--- SUPPLIED MATERIAL ---
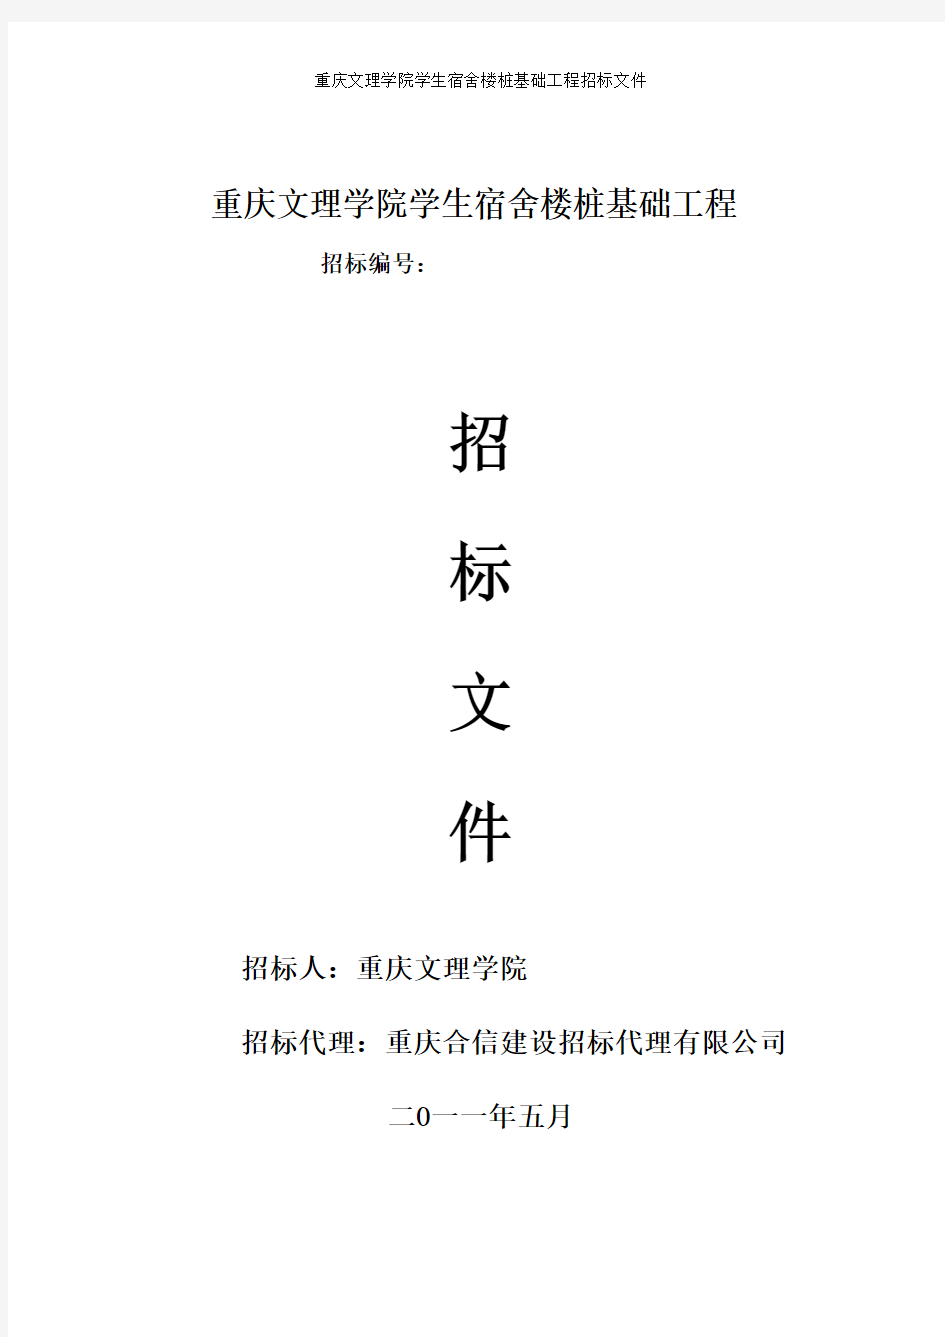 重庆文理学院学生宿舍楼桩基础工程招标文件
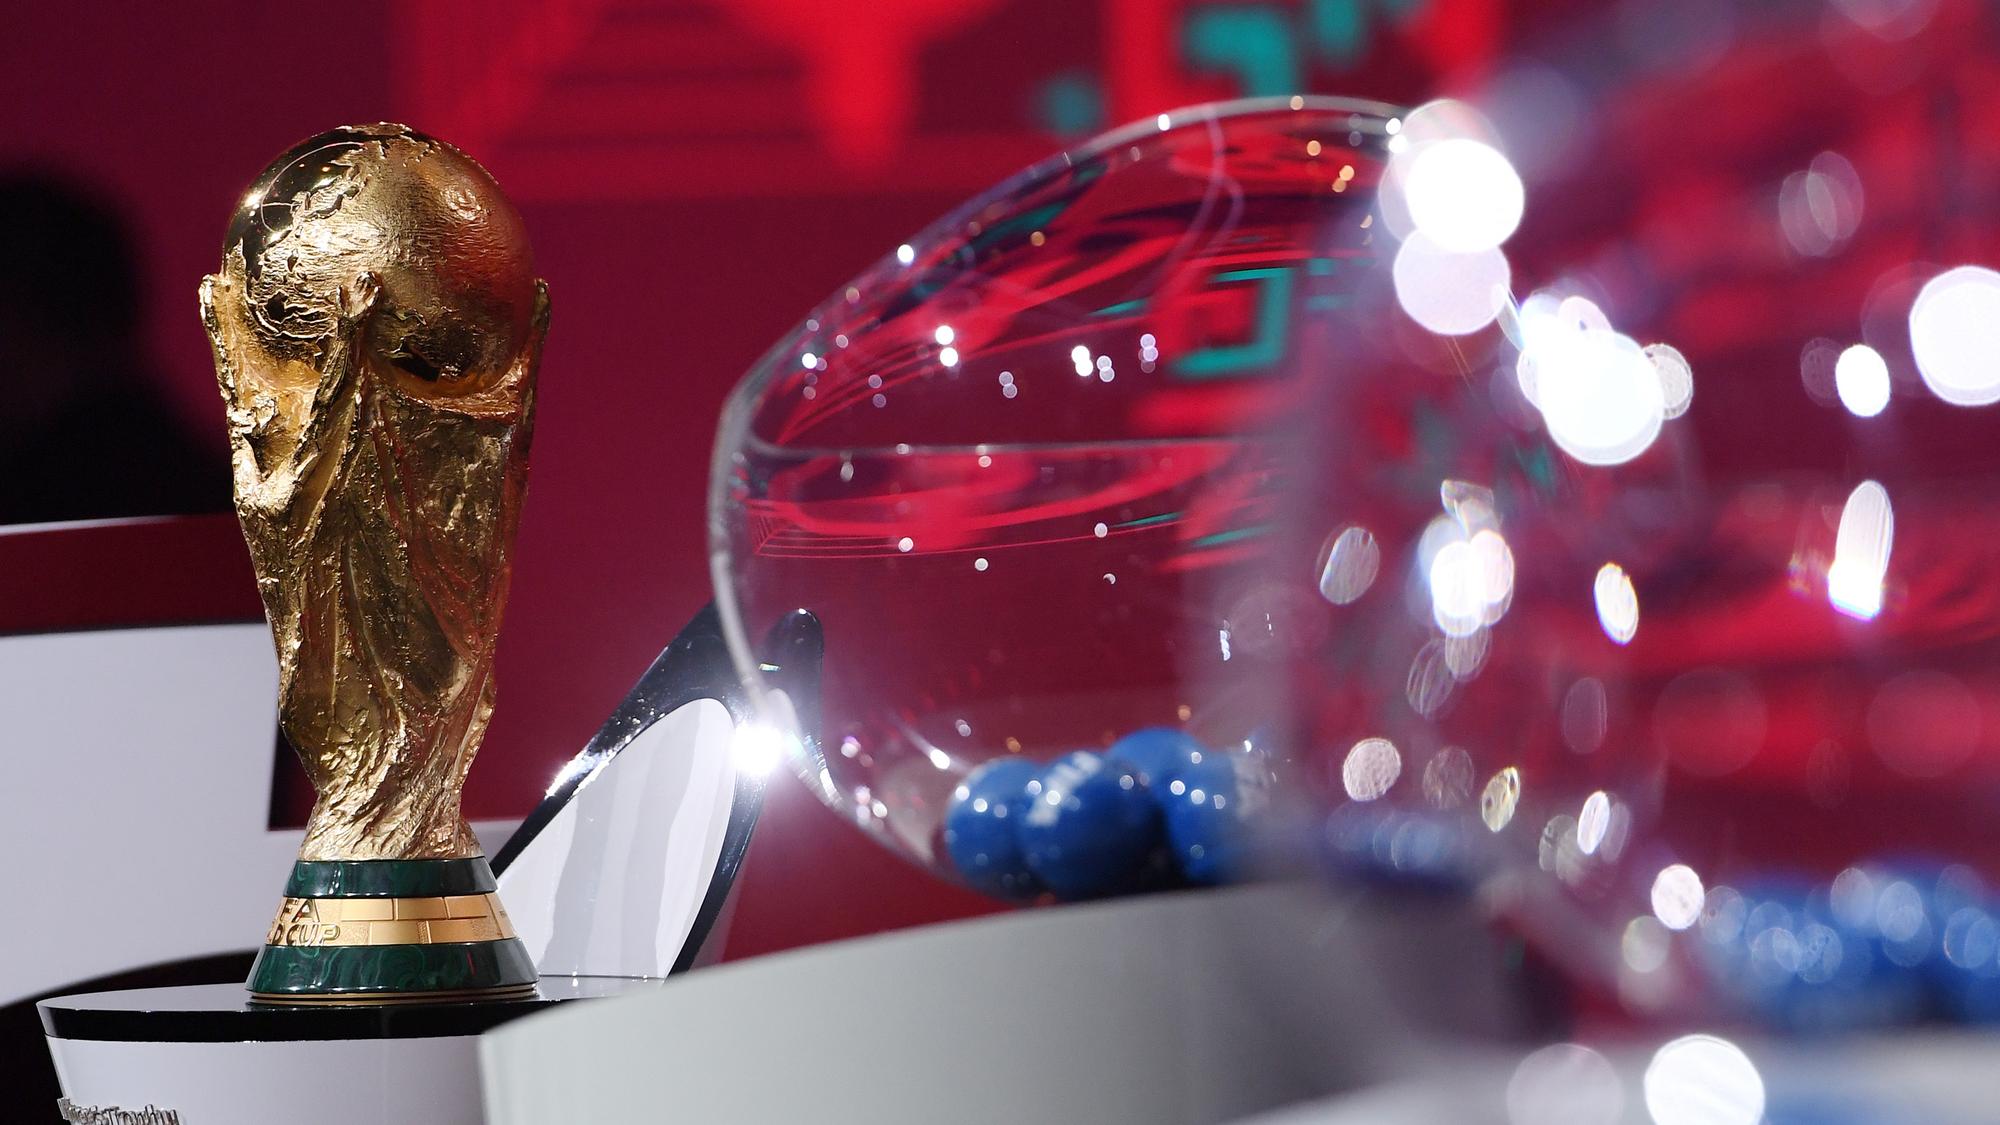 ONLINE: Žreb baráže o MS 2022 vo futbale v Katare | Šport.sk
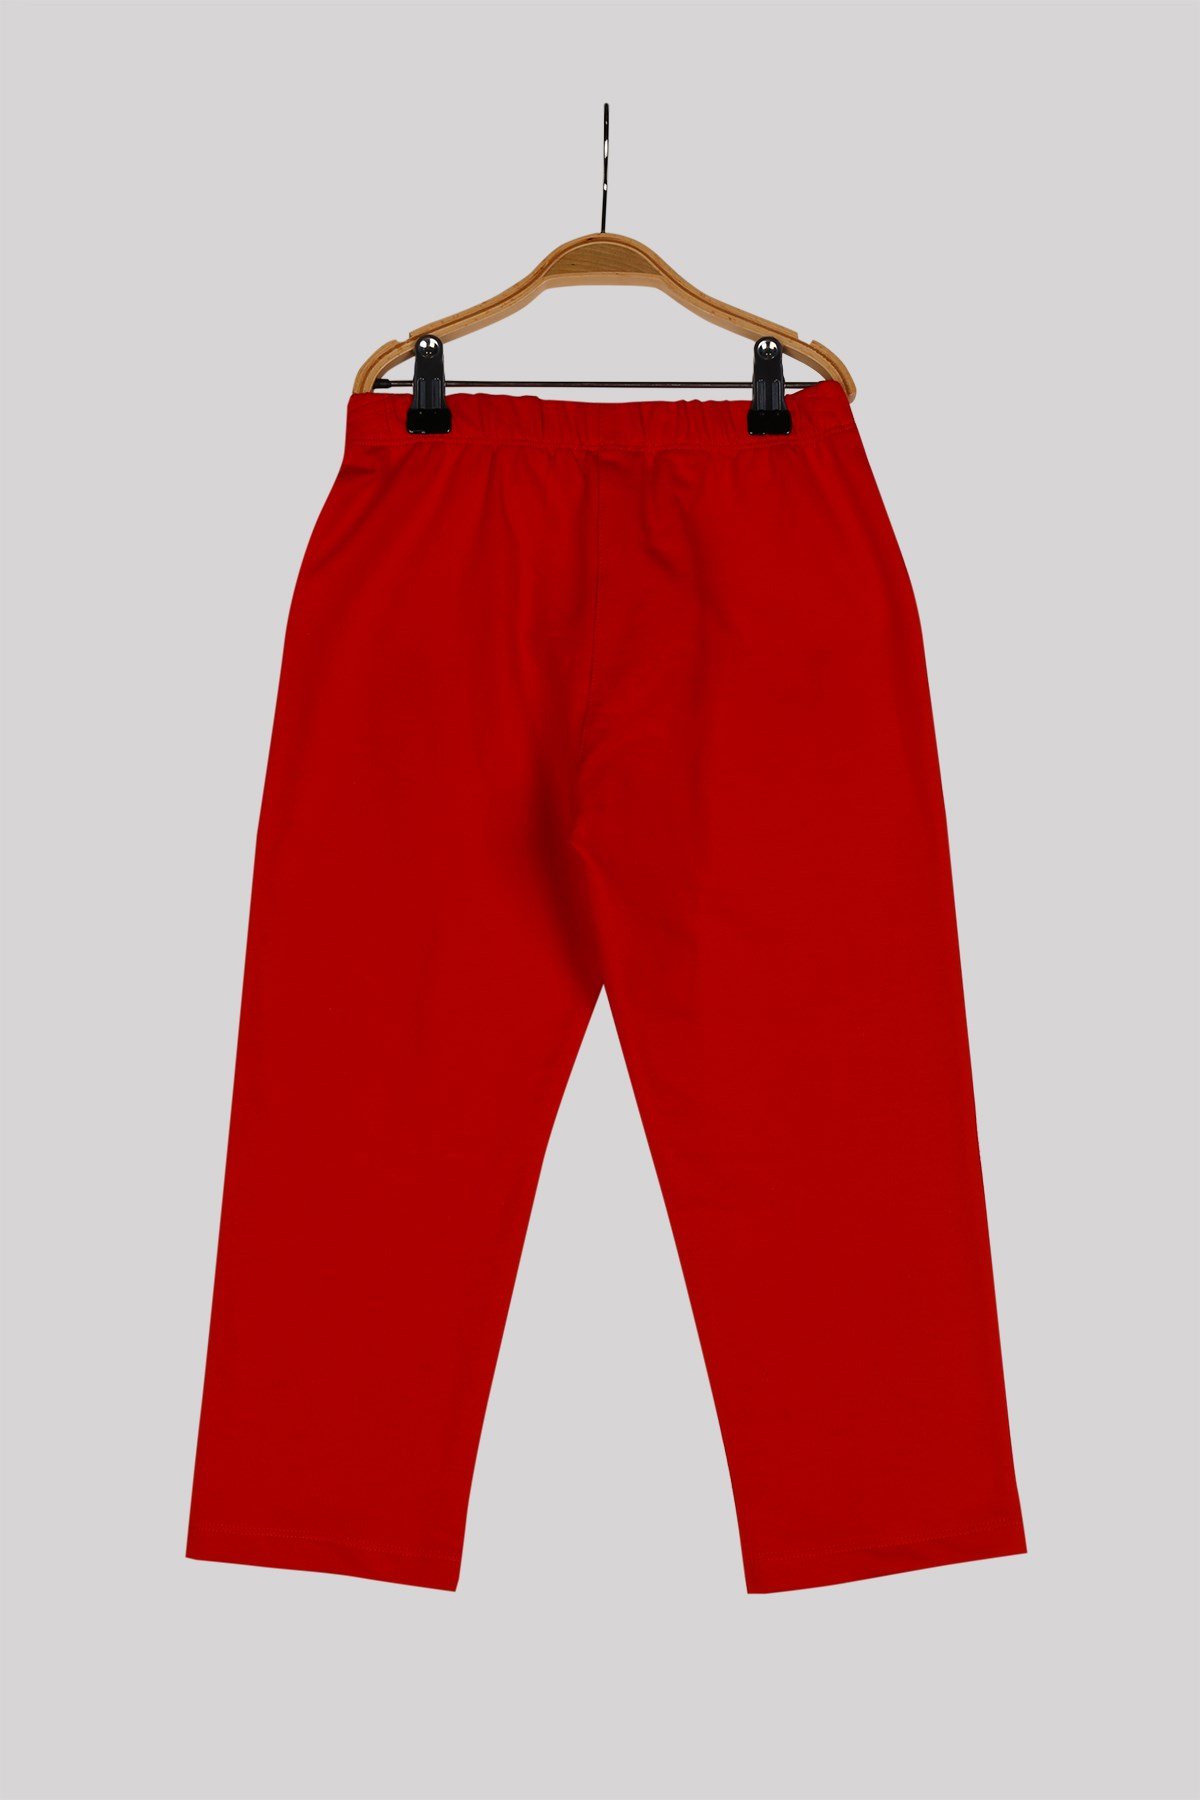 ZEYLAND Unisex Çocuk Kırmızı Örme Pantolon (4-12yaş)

--- EXERCISE DIRECTIONS ---
Word for word, restate each line above, minus its pictures.

--- OUTPUT FOR THIS TASK ---
 重庆文理学院学生宿舍楼桩基础工程招标文件
 ONLINE: Žreb baráže o MS 2022 vo futbale v Katare | Šport.sk
 ZEYLAND Unisex Çocuk Kırmızı Örme Pantolon (4-12yaş)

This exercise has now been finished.